## Import necessary librarys.

In [2]:
import requests
import bs4
import pandas as pd
import csv
import pprint

### Create helper functions.
scrape_data(url) scrappes data from a url passed as parameter and returns a list of dictionaries representing the data for each sold property.

In [3]:
def scrape_data(url):
    response = requests.get(url)
    if response.status_code != 200:
        print(f"Failed to fetch {url}")
        return []
        
    soup = bs4.BeautifulSoup(response.text, "html.parser")
    sold_properties = soup.find_all("tr")
    sold_span = soup.find("span", class_="sold")
    sale_date = sold_span.get_text(strip=True) if sold_span else None
    #counter = 0
    data = []
    current_property = {}
    for row in sold_properties:
        tds = row.find_all("td")
        # Reject malformed entries
        if len(tds) != 2:
            continue
        # Grab the Column name (key) and value (value)
        key = tds[0].get_text(strip=True).replace(":","")
        value = tds[1].get_text(strip=True)
        if key == "Property Details":
            # Split string on semicolon
            details = value.split(";")
            for item in details:
                item = item.strip()
                if ":" in item:
                    sub_key, sub_value = item.split(":")
                    sub_key.strip()
                    sub_value.strip()
                    if sub_key == "Style":
                        current_property["Stories"] = sub_value
                    else:
                        current_property[sub_key] = sub_value
                else:
                    current_detail = item.split(" ")
                    if current_detail[1] == "Bathroom" or current_detail[1] == "Bathrooms" :
                        current_property["Bathrooms"] = current_detail[0]
                    elif current_detail[1] == "Bedroom" or current_detail[1] == "Bedrooms":
                        current_property["Bedrooms"] = current_detail[0]
        #if counter % 7 == 0:
            #print("--------------------------------------")
            #print("--------------------------------------")
        #print(f"{key} : {value}")
        current_property[key] = value

        if key == "First Time Buyer":
            if sale_date:
                current_property["Sale Date"] = sale_date
            data.append(current_property)
            current_property = {}
        #counter += 1
    return data

### Loop through all webpages in the 2021 dataset.

In [4]:
base_url = "http://mlg.ucd.ie/modules/python/assign1/property/2021-page{:02d}.html"
data_2021 = []

for page_num in range(1, 18):
    url = base_url.format(page_num)
    page_data = scrape_data(url)
    data_2021.extend(page_data)



### Convert to dataframe

In [6]:
columns = ["Sale Date", "Sale Price", "Location", "Year Built", "Garden", "Garage","Type", "Stories", "Bedrooms", "Bathrooms" , "First Time Buyer"]
df = pd.DataFrame(data_2021, columns=columns)
df.to_csv("data/2021_property_sales_data.csv")
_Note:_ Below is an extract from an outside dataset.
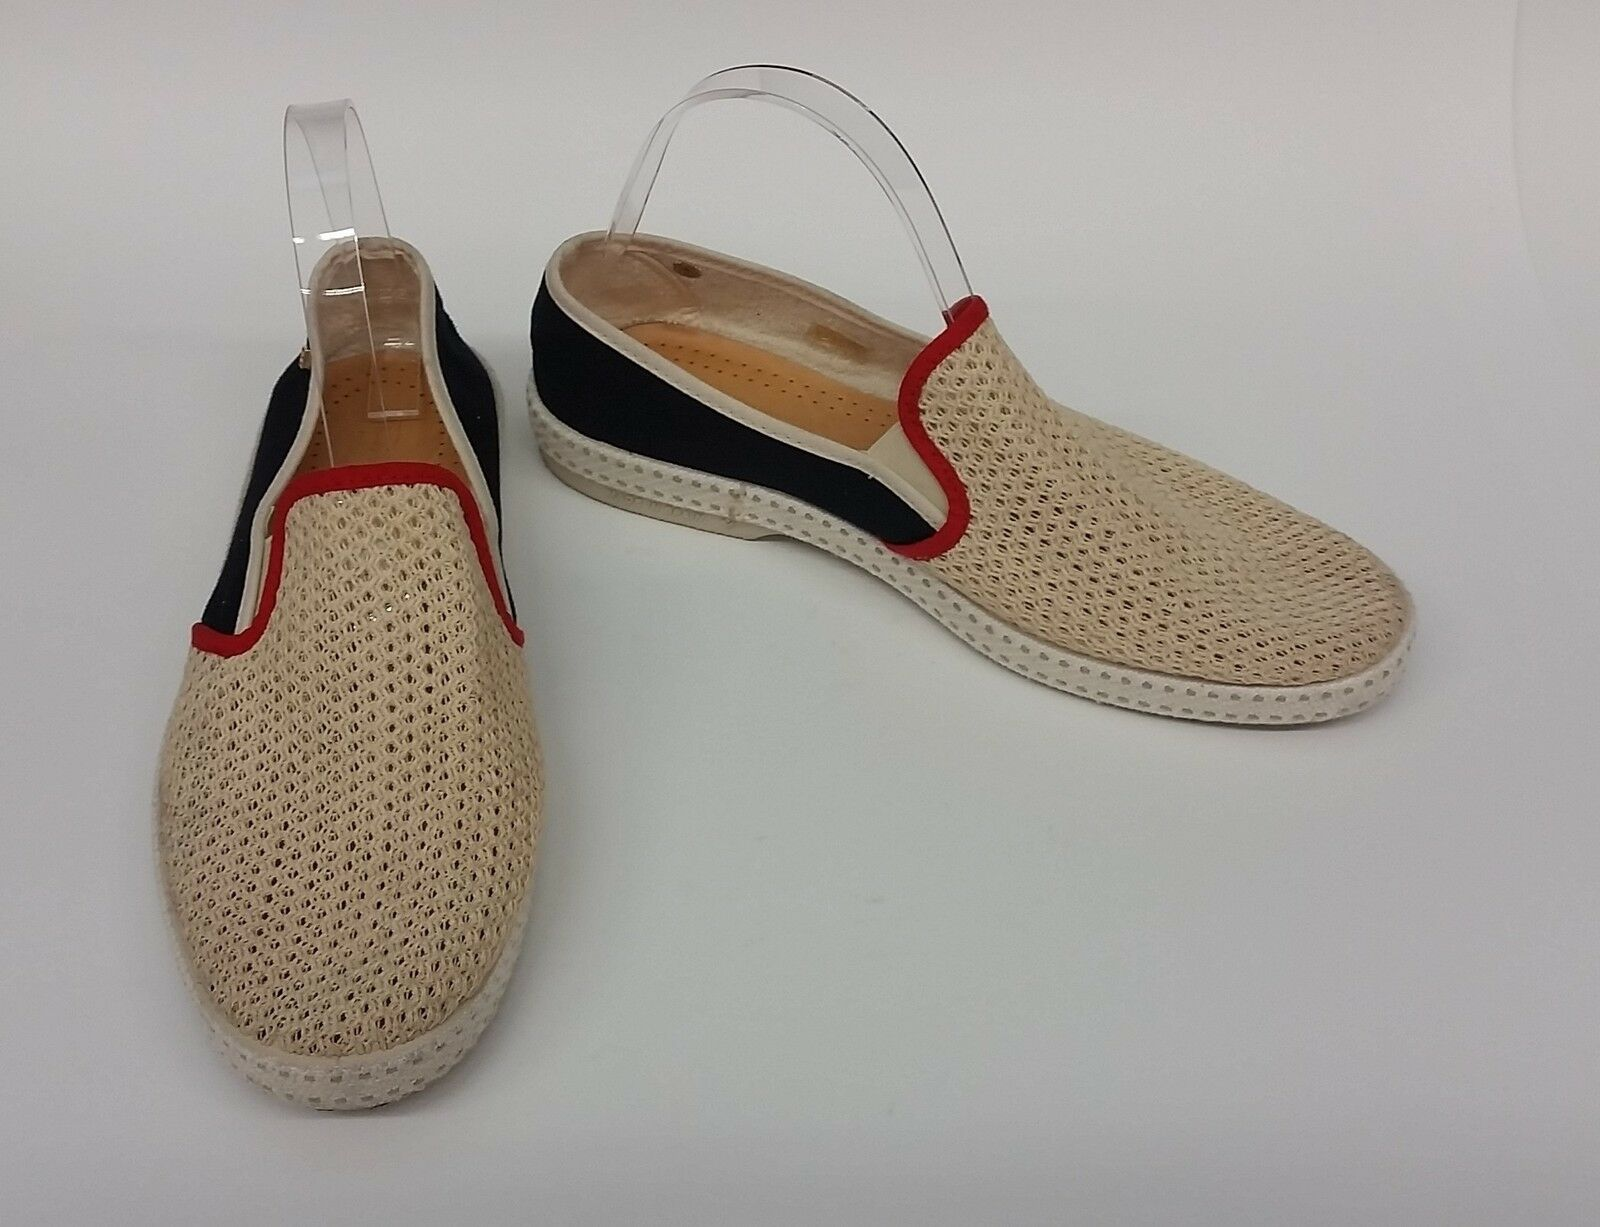 Rivieras Schuhes Flats Cream Blau ROT Slip On Sneakers Mesh Größe US 10.5 EU 41

### Lets now scrape the 2022 Property Sales

In [7]:
base_url = "http://mlg.ucd.ie/modules/python/assign1/property/2022-page{:02d}.html"
data_2022 = []

for page_num in range(1, 17):
    url = base_url.format(page_num)
    page_data = scrape_data(url)
    data_2022.extend(page_data)

### Convert to dataframe

In [8]:
columns = ["Sale Date", "Sale Price", "Location", "Year Built", "Garden", "Garage","Type", "Stories", "Bedrooms", "Bathrooms" , "First Time Buyer"]
df = pd.DataFrame(data_2022, columns=columns)
df.to_csv("data/2022_property_sales_data.csv")

### Lets now scrape the 2023 data

In [9]:
base_url = "http://mlg.ucd.ie/modules/python/assign1/property/2023-page{:02d}.html"
data_2023 = []

for page_num in range(1, 19):
    url = base_url.format(page_num)
    page_data = scrape_data(url)
    data_2023.extend(page_data)

### Convert to dataframe

In [10]:
columns = ["Sale Date", "Sale Price", "Location", "Year Built", "Garden", "Garage","Type", "Stories", "Bedrooms", "Bathrooms" , "First Time Buyer"]
df = pd.DataFrame(data_2023, columns=columns)
df.to_csv("data/2023_property_sales_data.csv")

### Lets now scrape the 2024 data.

In [11]:
base_url = "http://mlg.ucd.ie/modules/python/assign1/property/2024-page{:02d}.html"
data_2024 = []

for page_num in range(1, 24):
    url = base_url.format(page_num)
    page_data = scrape_data(url)
    data_2024.extend(page_data)

### Convert to dataframe

In [12]:
columns = ["Sale Date", "Sale Price", "Location", "Year Built", "Garden", "Garage","Type", "Stories", "Bedrooms", "Bathrooms" , "First Time Buyer"]
df = pd.DataFrame(data_2024, columns=columns)
df.to_csv("data/2024_property_sales_data.csv")